The Ministry of Industry and Information Technology (MIIT) said January 20 that the business revenues of China's telecom industry did not rapidly rise along with the popularity of the 3G business in 2009, and is expected to rise by only 4 percent. Meanwhile, the construction of 3G networks has indirectly boosted domestic investment by 589 billion yuan and directly increased consumption by 36.4 billion yuan.

China's 3 telecom enterprises completed investments totaling 160.9 billion yuan in 3G network construction, with 325,000 3G base stations built. Following the completion of large-scale networks, the growth in the number of 3G users has accordingly accelerated, with the number of users expected to exceed 15 million.

According to Lu Xinjie at the Market Operation Research Department of the China Academy of Telecommunication Research, this marks a change in the mode of contribution by the telecom industry to China's economic development, shifting from the previous "direct contribution" by increasing revenues to the current "indirect contribution" by enhancing China's economic development quality.

According to the initial estimate by MIIT, the construction of 3G networks in 2009 has indirectly boosted domestic investment by 589 billion yuan, and directly increased consumption by 36.4 billion yuan and indirectly by 14.1 billion yuan.

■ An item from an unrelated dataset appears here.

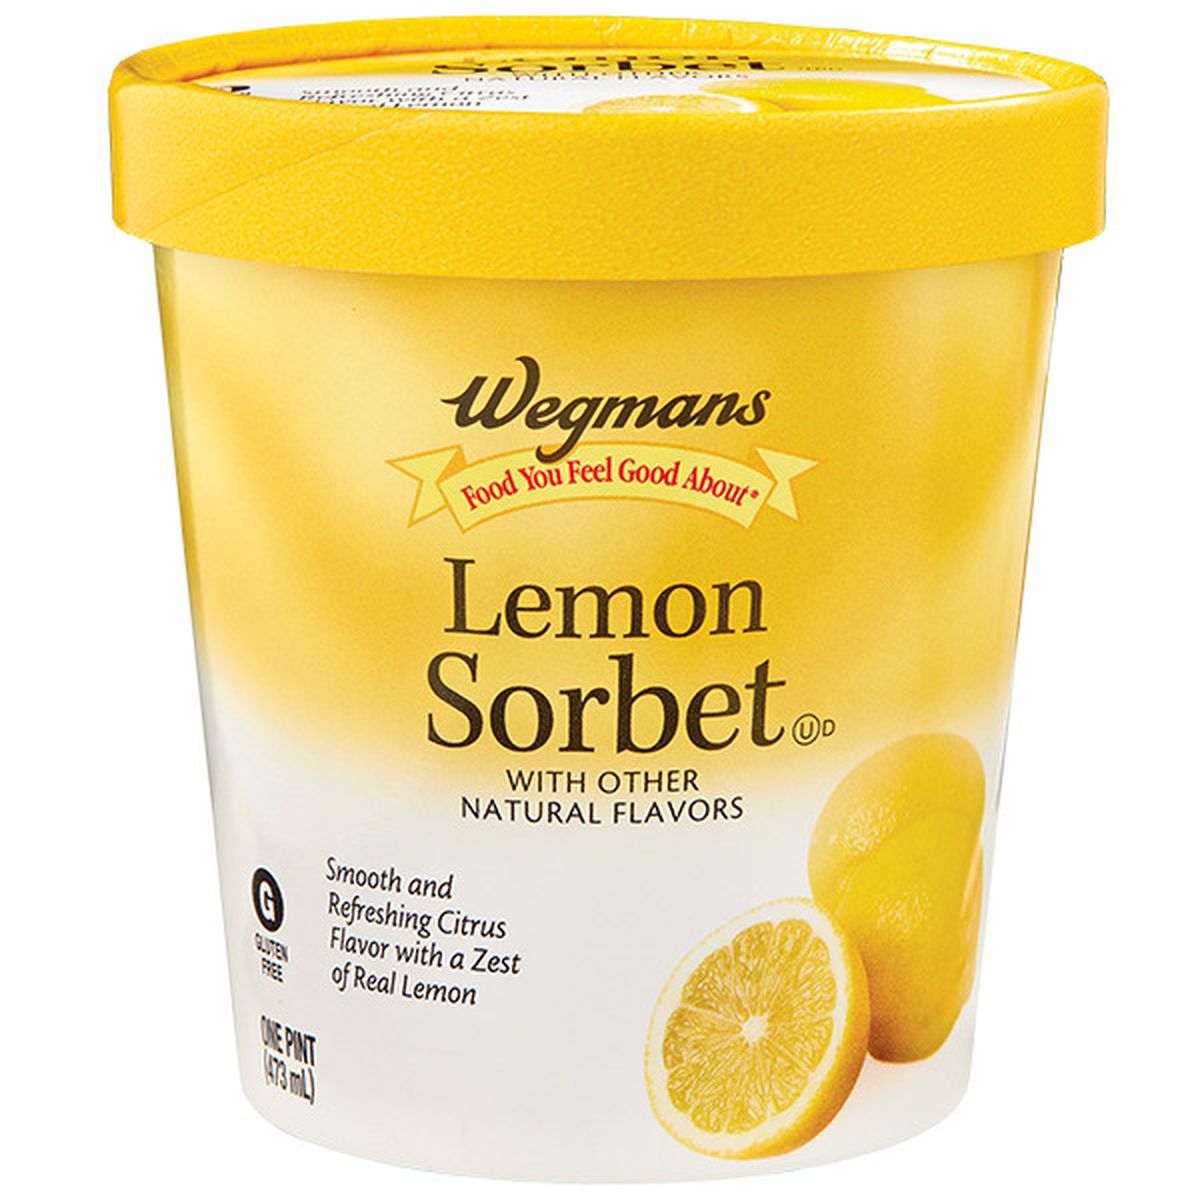 Calories in Wegmans Lemon Sorbet
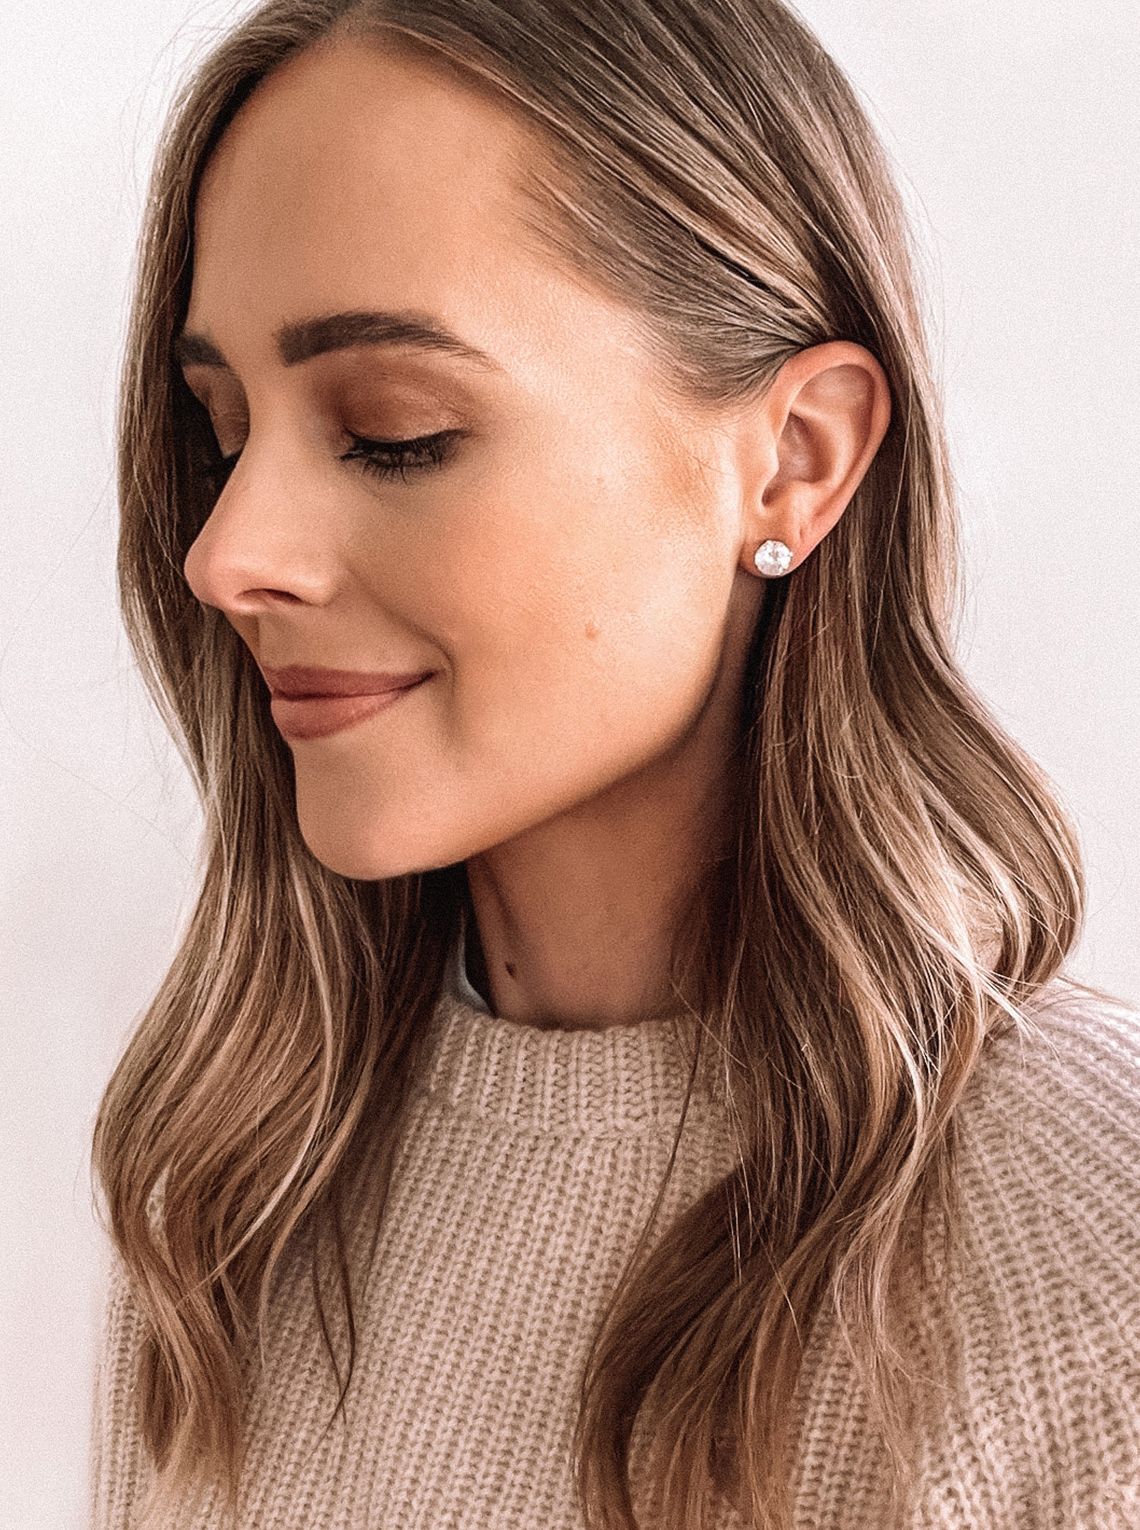 Cheap New Hot Style Earrings Women Fashion and Elegant Long Drop Earrings  Ear Studs Jewelry

It has also directly increased GDP by 34.3 billion yuan and indirectly by 141.3 billion yuan, and has directly created 260,000 new job opportunities and indirectly created 670,000 new opportunities.
At the same time, 3G services have also facilitated the deployment and innovation in IT, communications, commerce, finance, culture and entertainment, and have promoted the development of emerging industries such as mobile Internet and e-commerce.

MIIT holds that the low operating revenues in China's telecom enterprises relate to the operation structures of these enterprises. In 2009, 3 telecommunication companies focused on personal mobile device users and all of China's telecom operators did not show interest in enterprise users.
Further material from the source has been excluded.